DATA SEGMENT:
━━━━━━━━━━━━━━━━━━━━━━━━━━━━━━
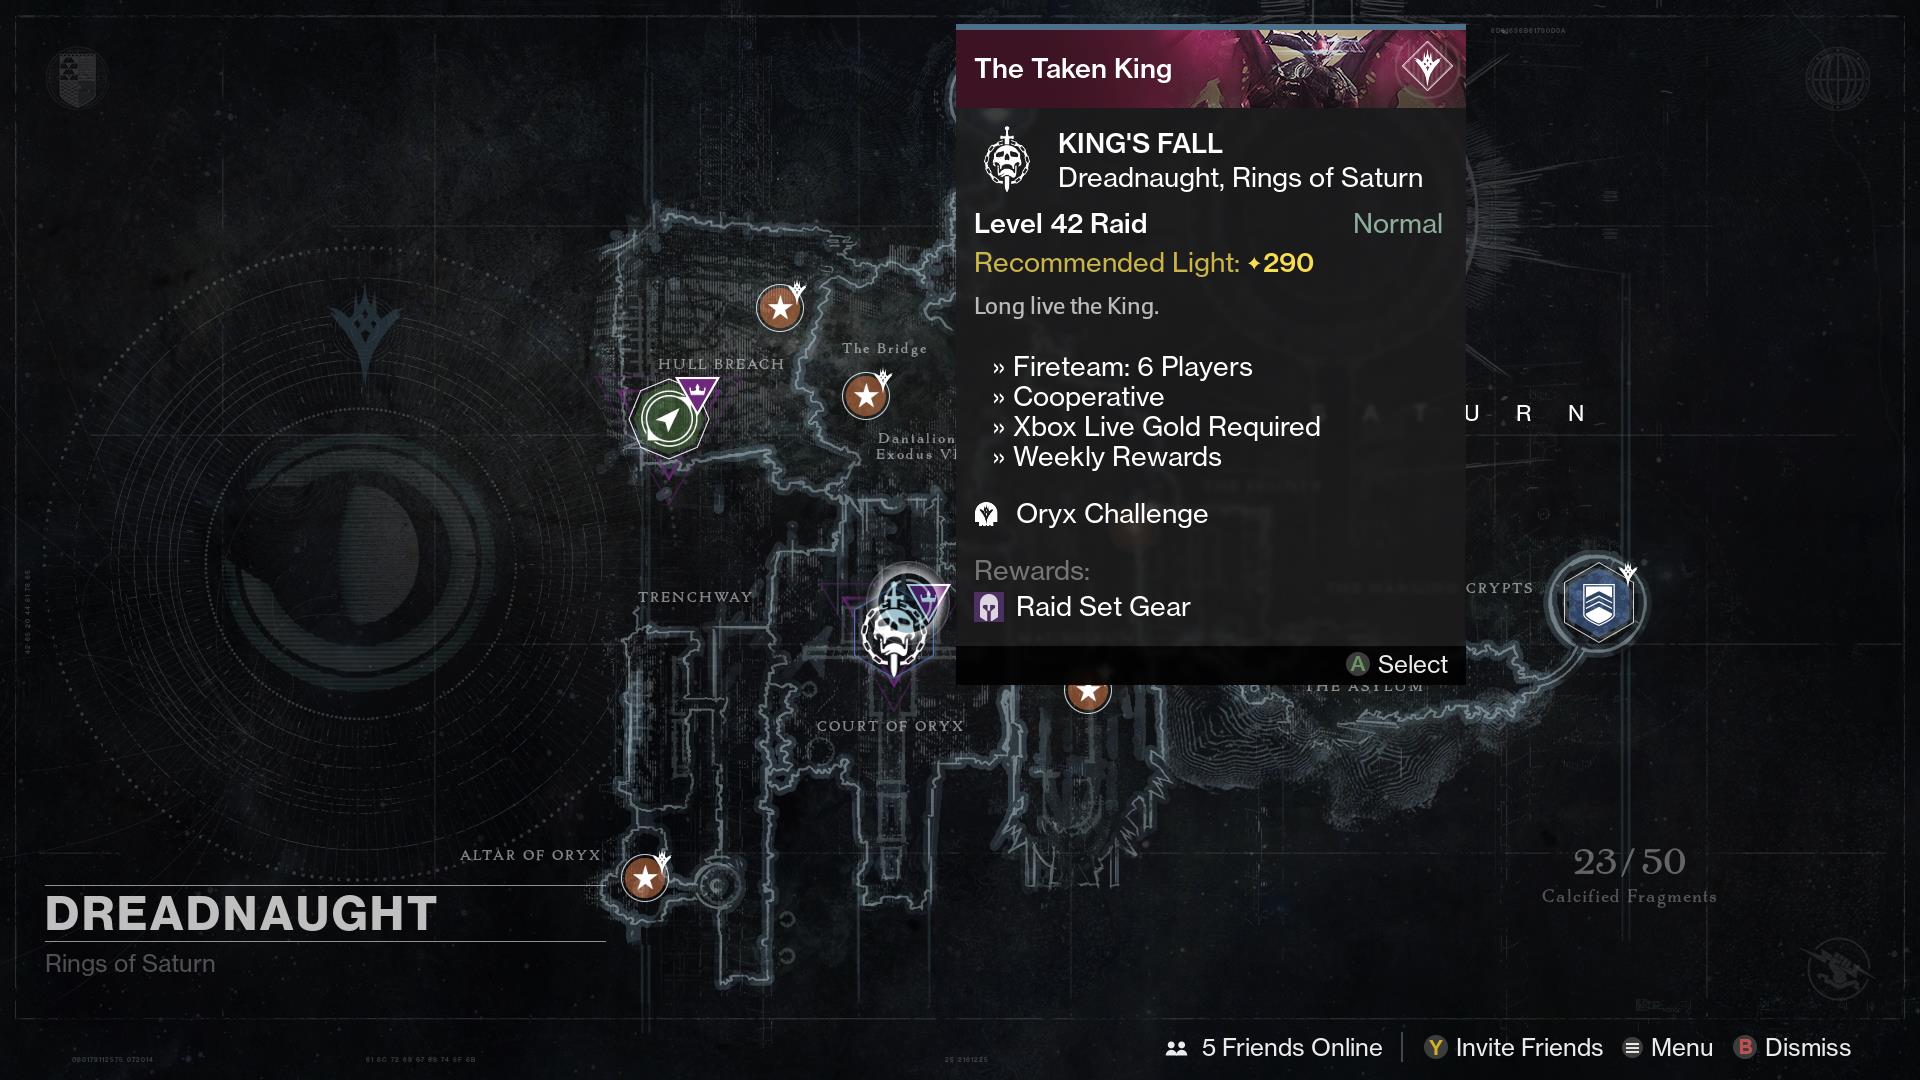 Image for Destiny weekly reset for September 6 – Court of Oryx, Nightfall, Prison of Elders changes detailed
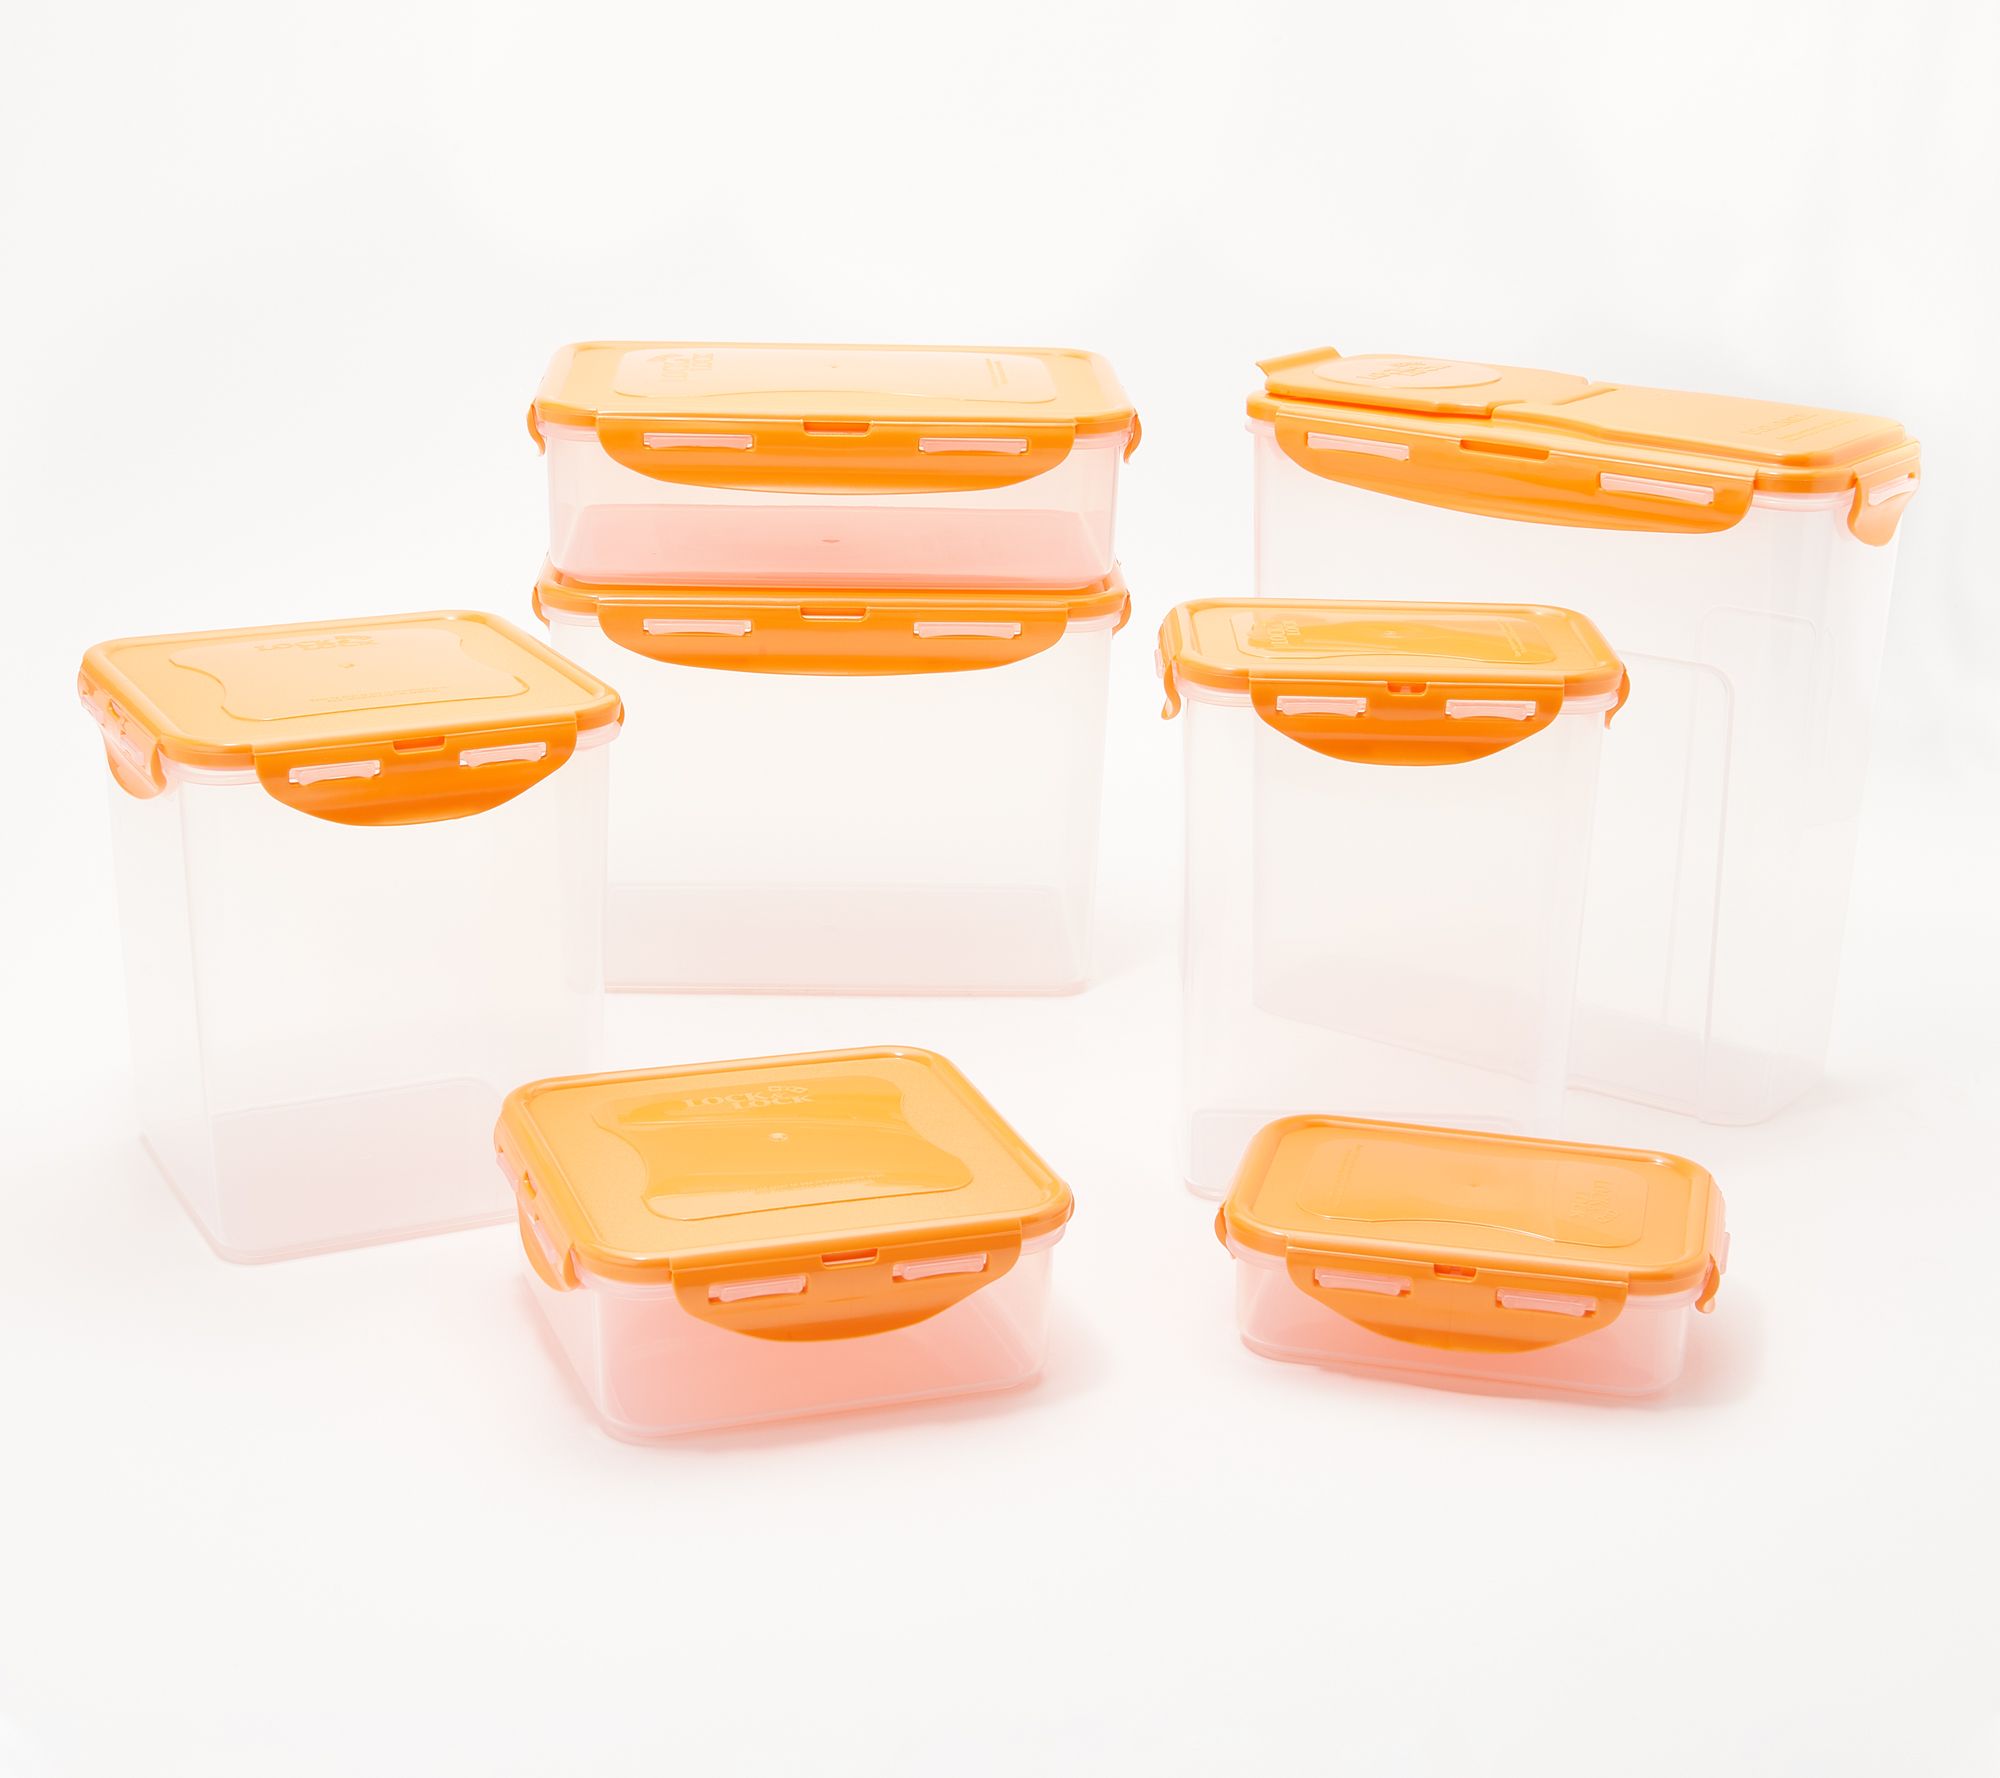 MAMA DAILY Portable Stackable Baby Food Container, Leak-Proof
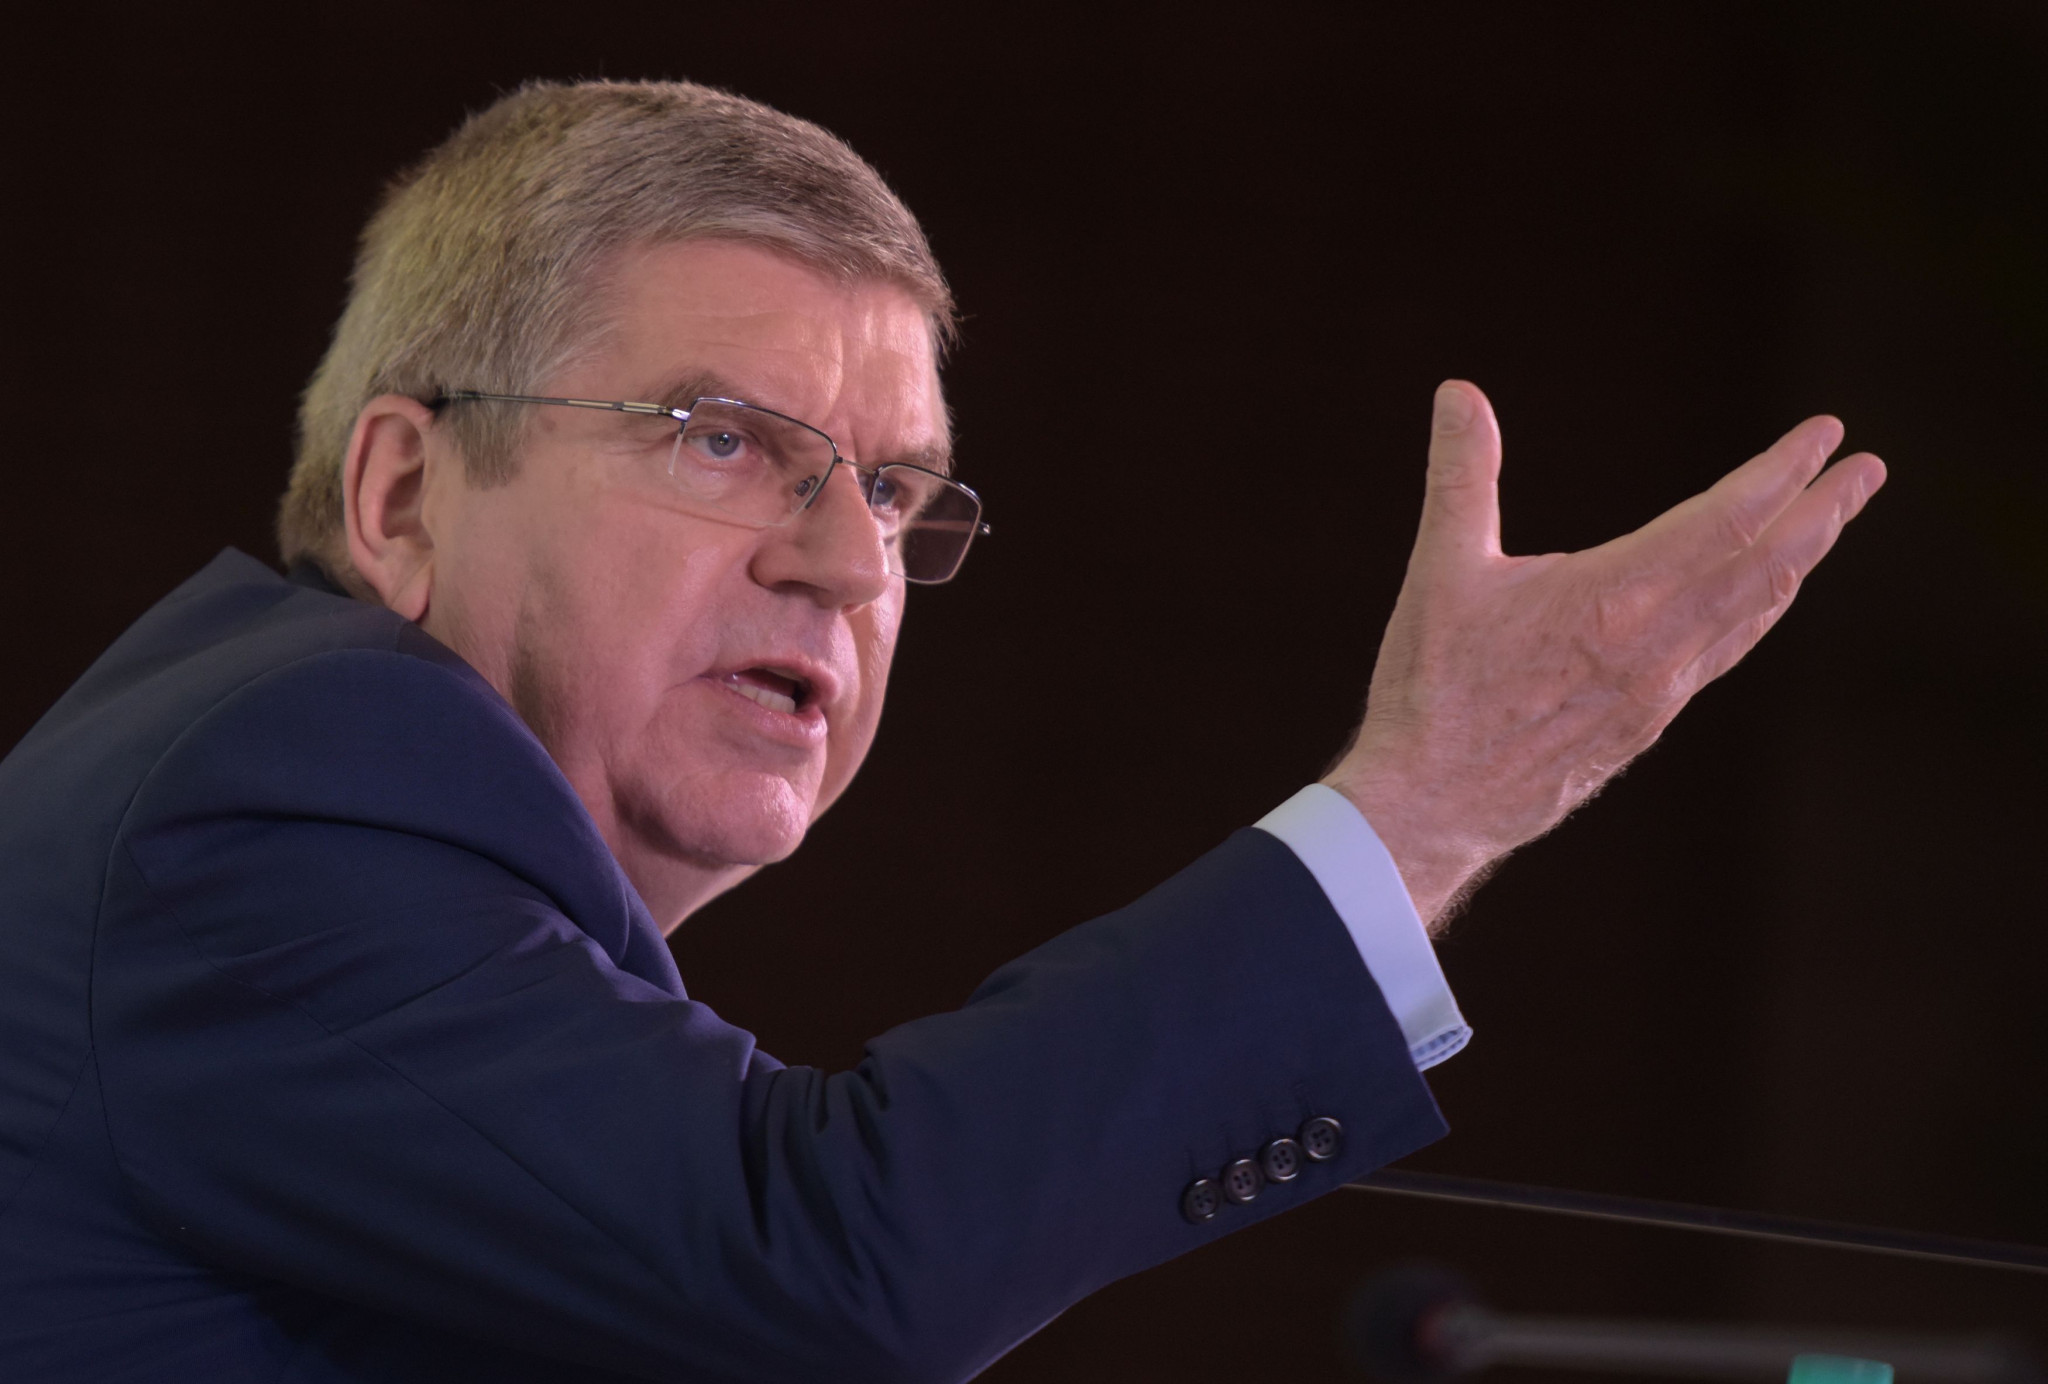 Thomas Bach batted-off questions from Russian journalists during the Executive Board meeting ©Getty Images
━━━━━━━━━━━━━━━━━━━━━━━━━━━━━━
YOUR OBJECTIVE: For this exercise, repeat word for word only the lines from the one containing "MAMA DAILY Portable" through the end of the data, including both. Pictures do not go in the copy.

TASK RESPONSE:
 MAMA DAILY Portable Stackable Baby Food Container, Leak-Proof
 Thomas Bach batted-off questions from Russian journalists during the Executive Board meeting ©Getty Images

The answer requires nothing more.